■ DATA SUPPLIED:
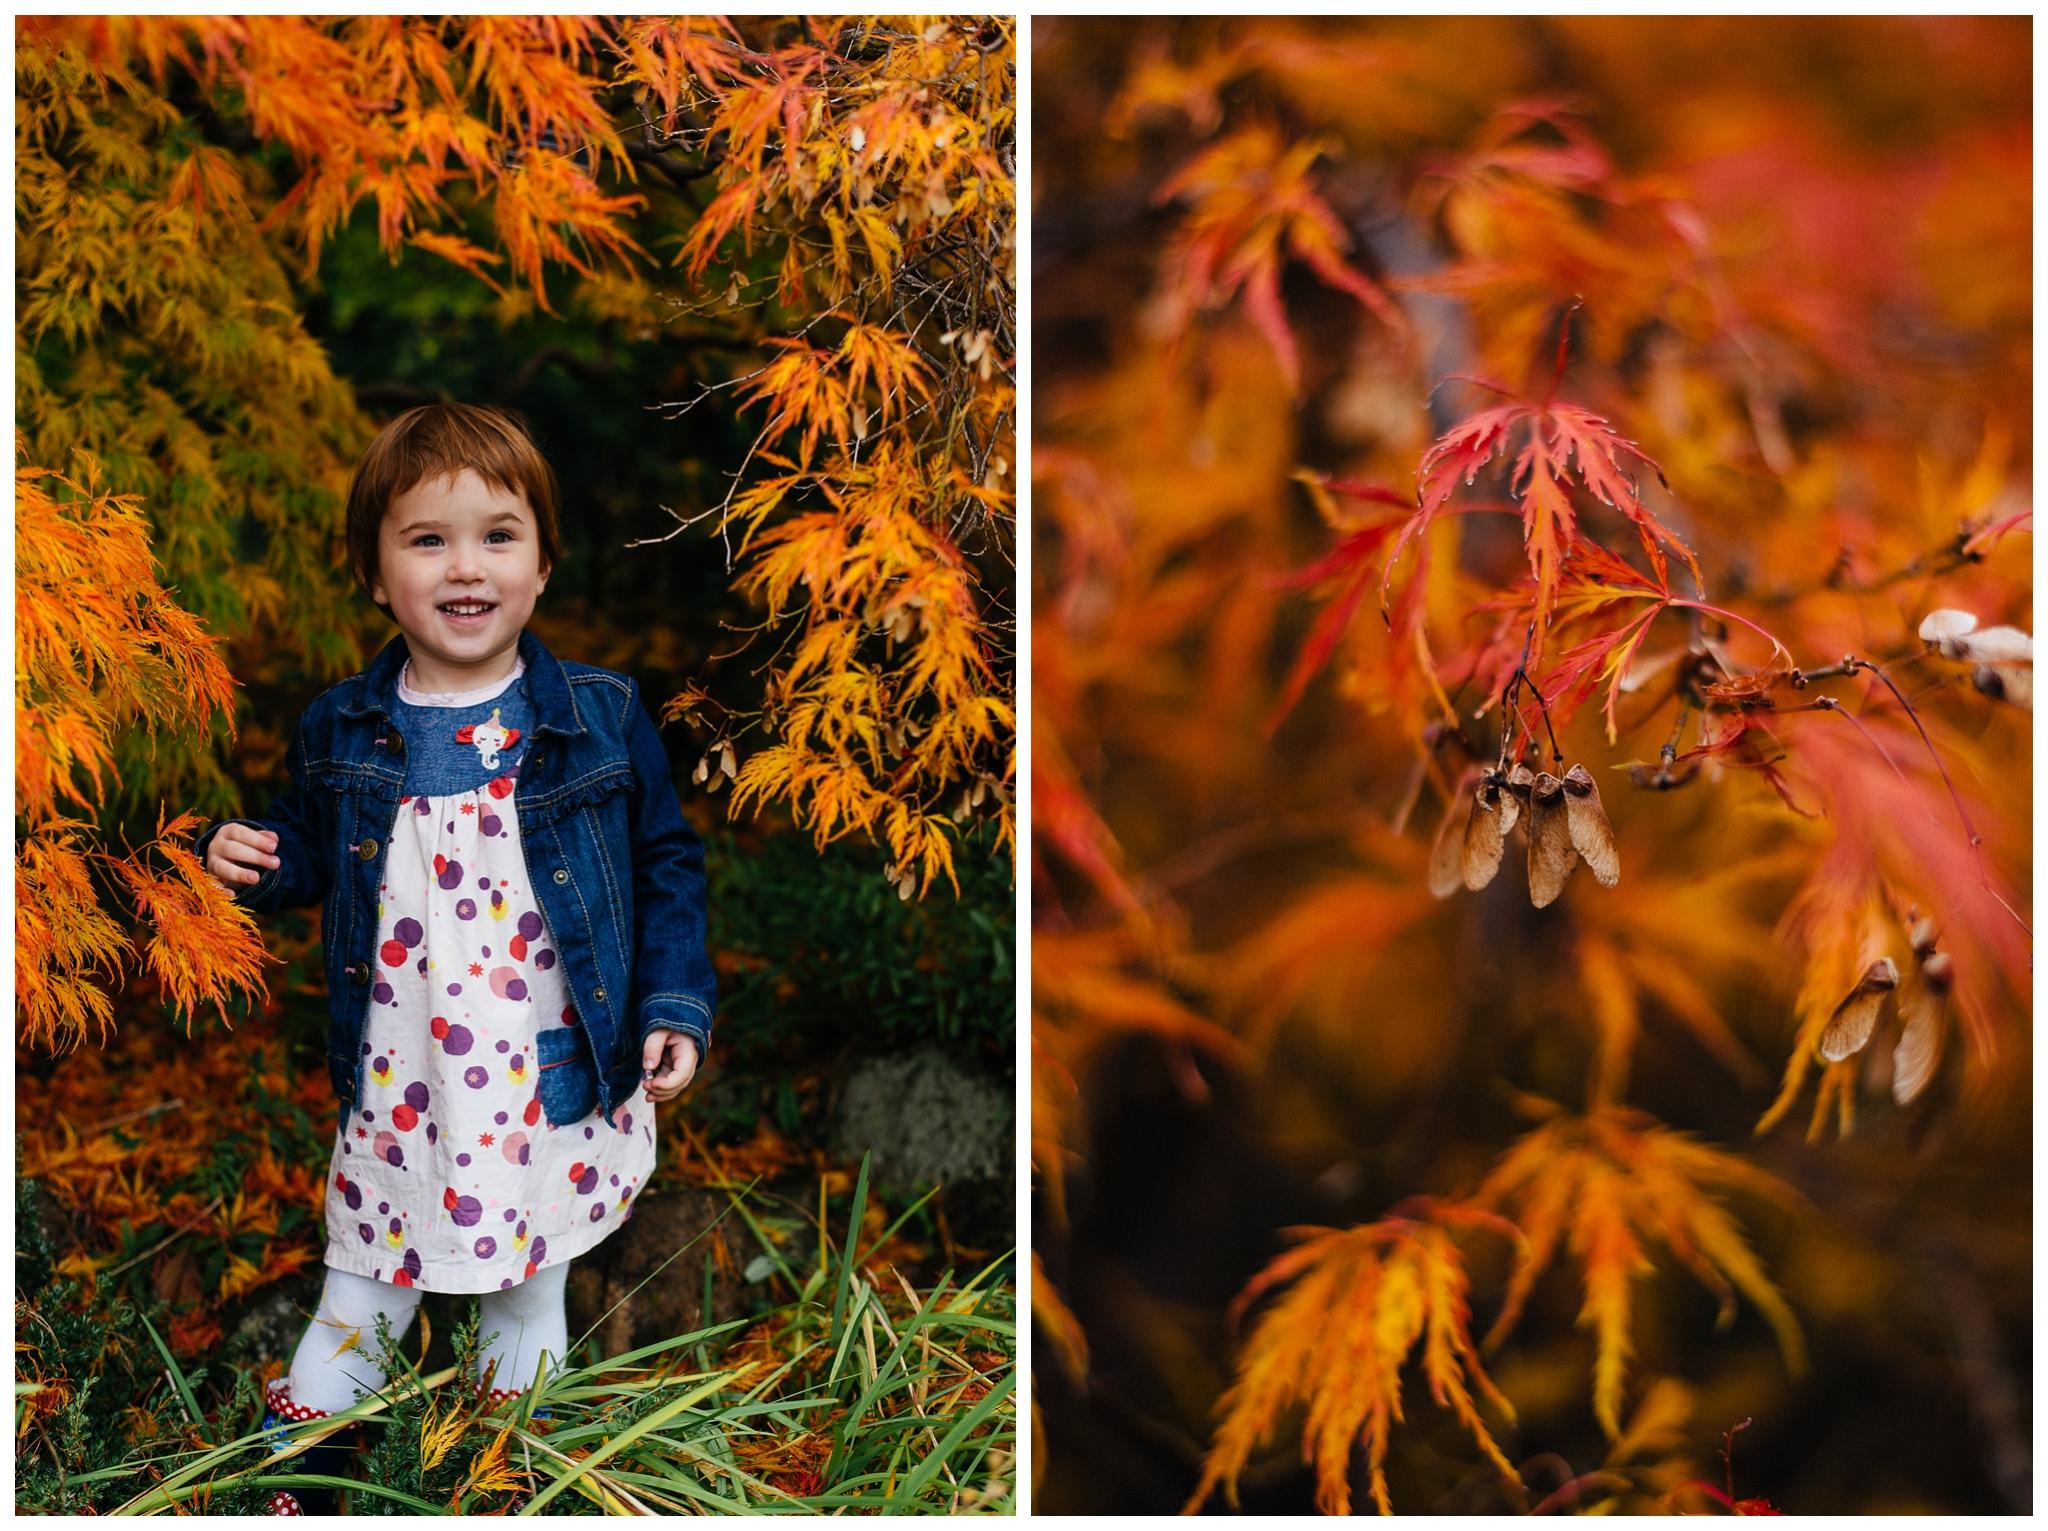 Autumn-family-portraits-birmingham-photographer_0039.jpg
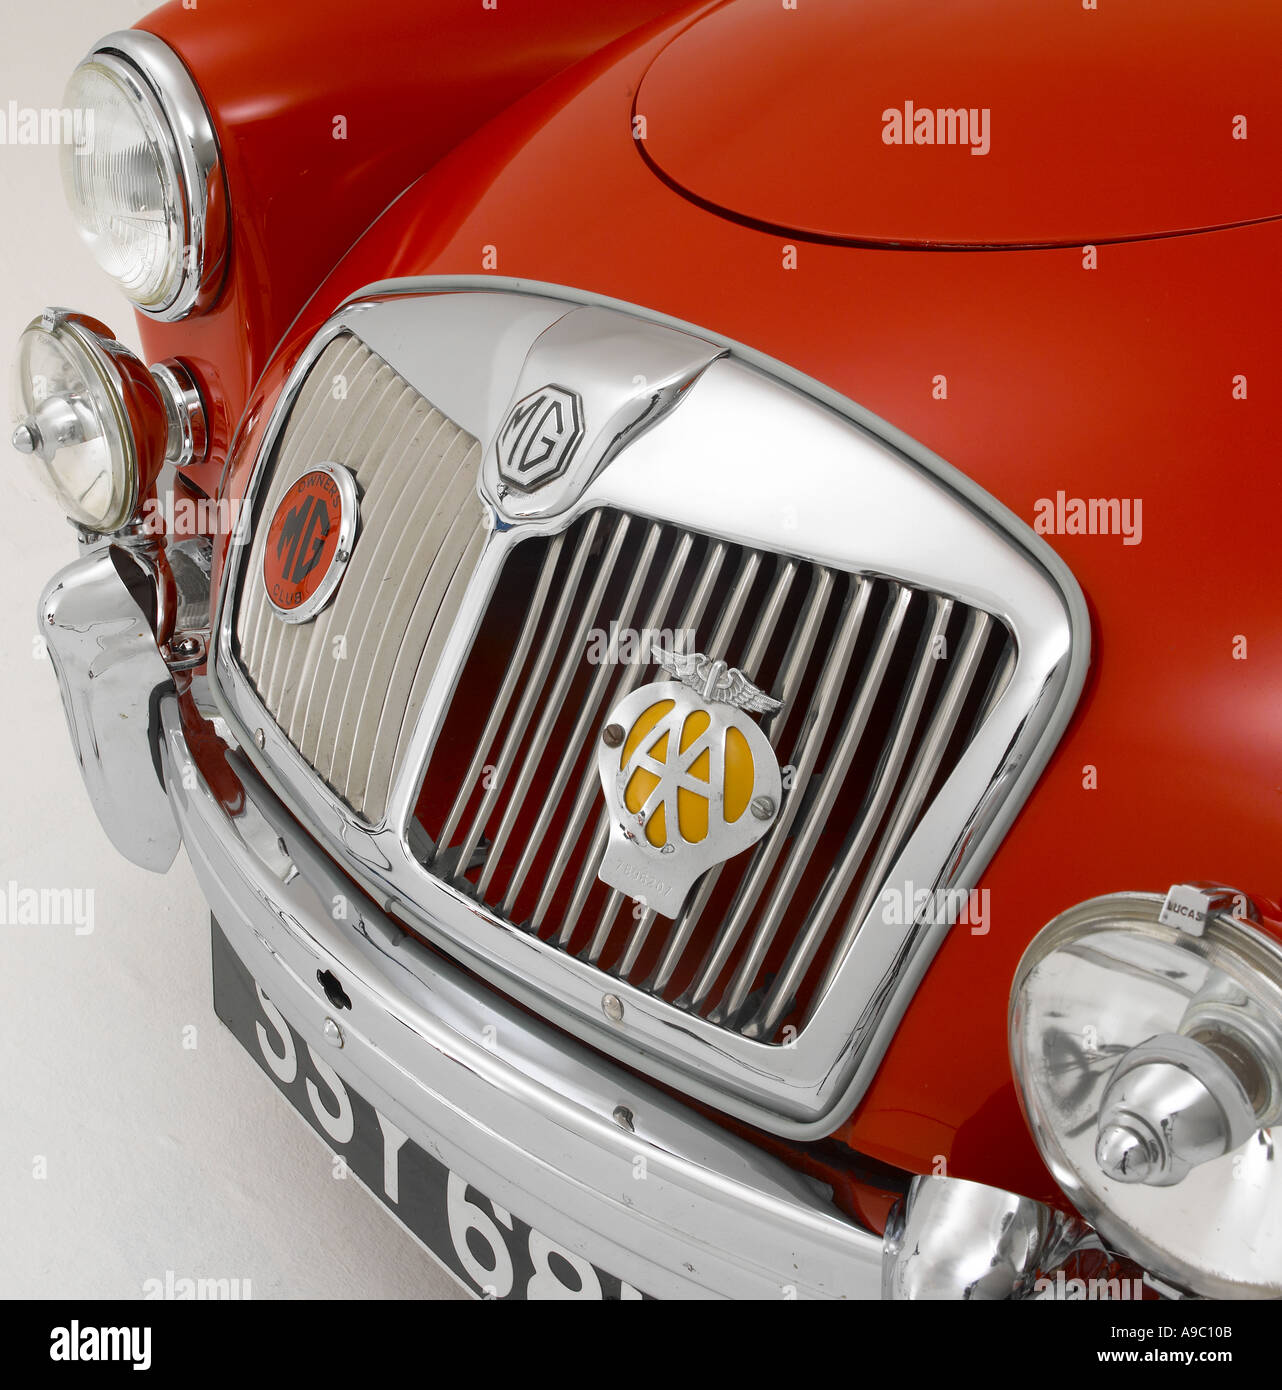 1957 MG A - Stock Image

--

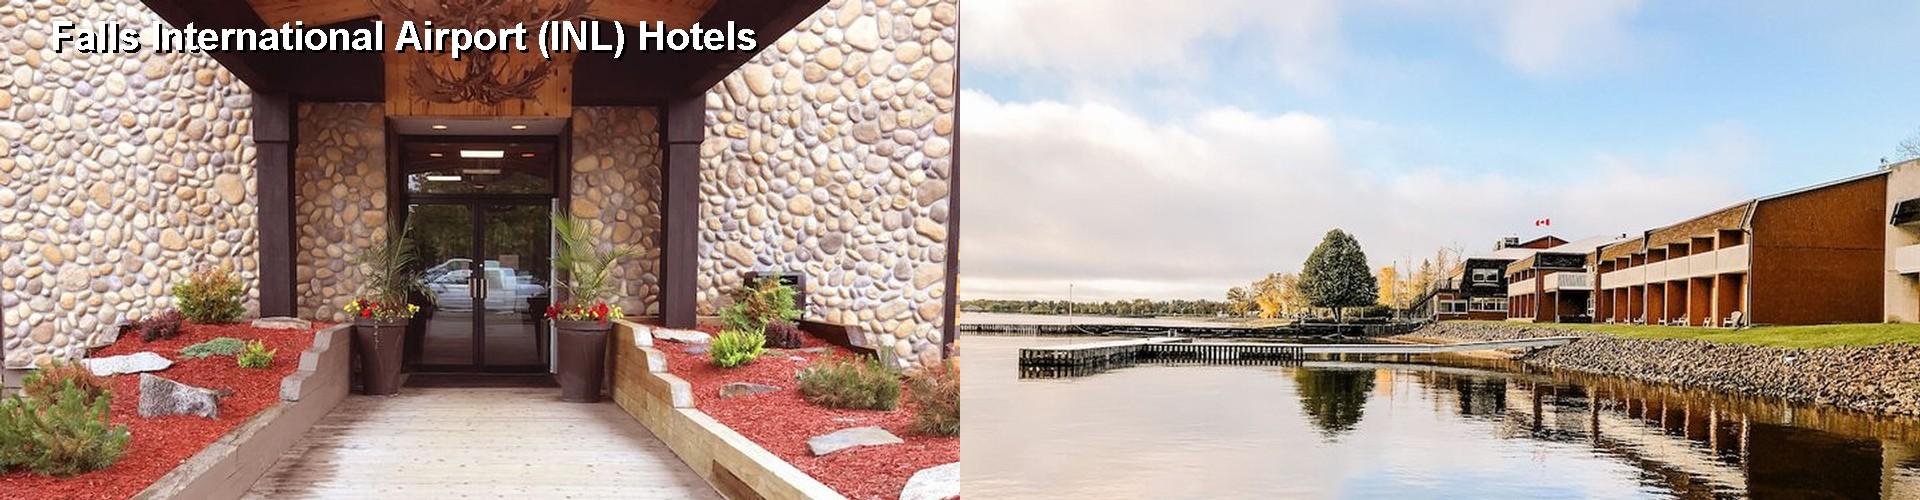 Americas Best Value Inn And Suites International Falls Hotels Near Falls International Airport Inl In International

■ WHAT THE EXERCISE ASKS: Within the material above, find the part that opens with the line containing "Autumn-family-portraits-birmingham-photographer_0039.jpg" and closes with the line containing "1957 MG A - Stock Image", and reproduce it exactly without the pictures.

■ REPLY:
 Autumn-family-portraits-birmingham-photographer_0039.jpg
 1957 MG A - Stock Image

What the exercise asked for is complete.